Government cloud supports government agencies and their contractors. Not open to the general public.

Community cloud – offered to communities or types of organizations, such as taxing agencies or film industry organizations.  The organizations themselves may take part in hosting them, or the offering is exclusive to organizations in that category.  

Industrial control systems – used to control industrial processes, like manufacturing, logistics, distribution, etc., which contain sensors and gauges to support cybernetics.  The three types to know for the exam are:

  • Supervisory control and data acquisition (SCADA) – commonly used in large-scale utility companies to automate the control of utility generation, distribution, and production.  
  • Distributed control systems (DCS) – smaller scaled SCADA-like system, usually confined to a geographic area or plant.
  • Programmable logic controllers (PLC) – control of a singular element of the DCS or SCADA, such as the HVAC for a particular office or factory on the compound.  Knobs and buttons, but can also be part of the larger DCS/SCADA.

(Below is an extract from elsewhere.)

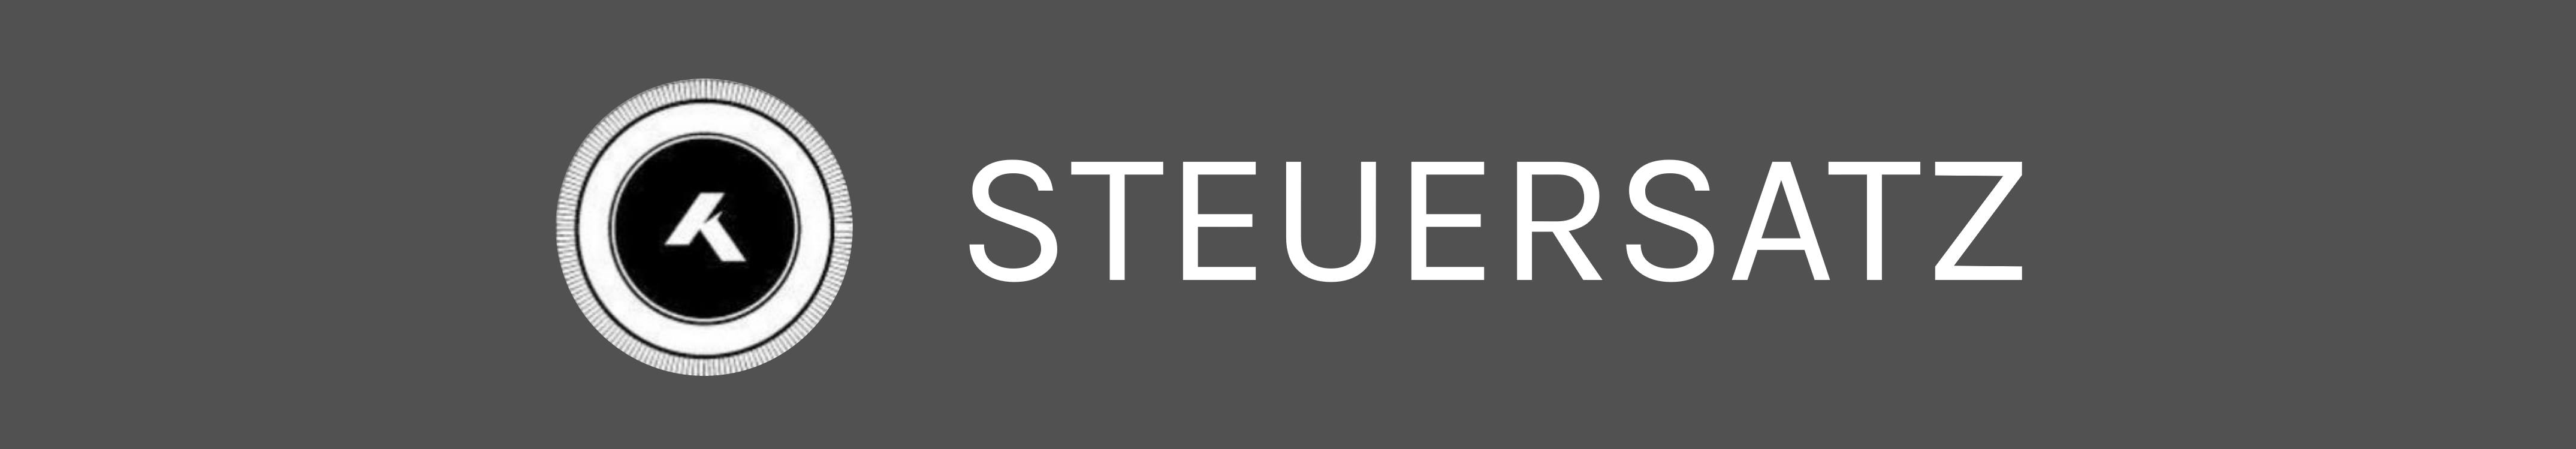 KHE-Banner-steuersatz

Internet of Things (IOT) – small form factor devices (can include mobile devices) that offer very little security out of the box and limited vendor support, such as wireless drawing pads, smartboards, thermostats, refrigerators (not the fridge itself, but the controlling device), bluetooth devices, and printers, all of which connect to the internet or local network.  Embedded system – dedicated platform that is designed for a singular function which can include system on a chip (SOC).  Examples include stand-alone MP3 players or digital cameras.

Ransomware – the CBK talks about how your organization needs to consider whether you would pay the ransom or not, and that the decision and other safeguards need to be covered in your BCDR efforts, and that they need to cover situations where even your backups might be unavailable.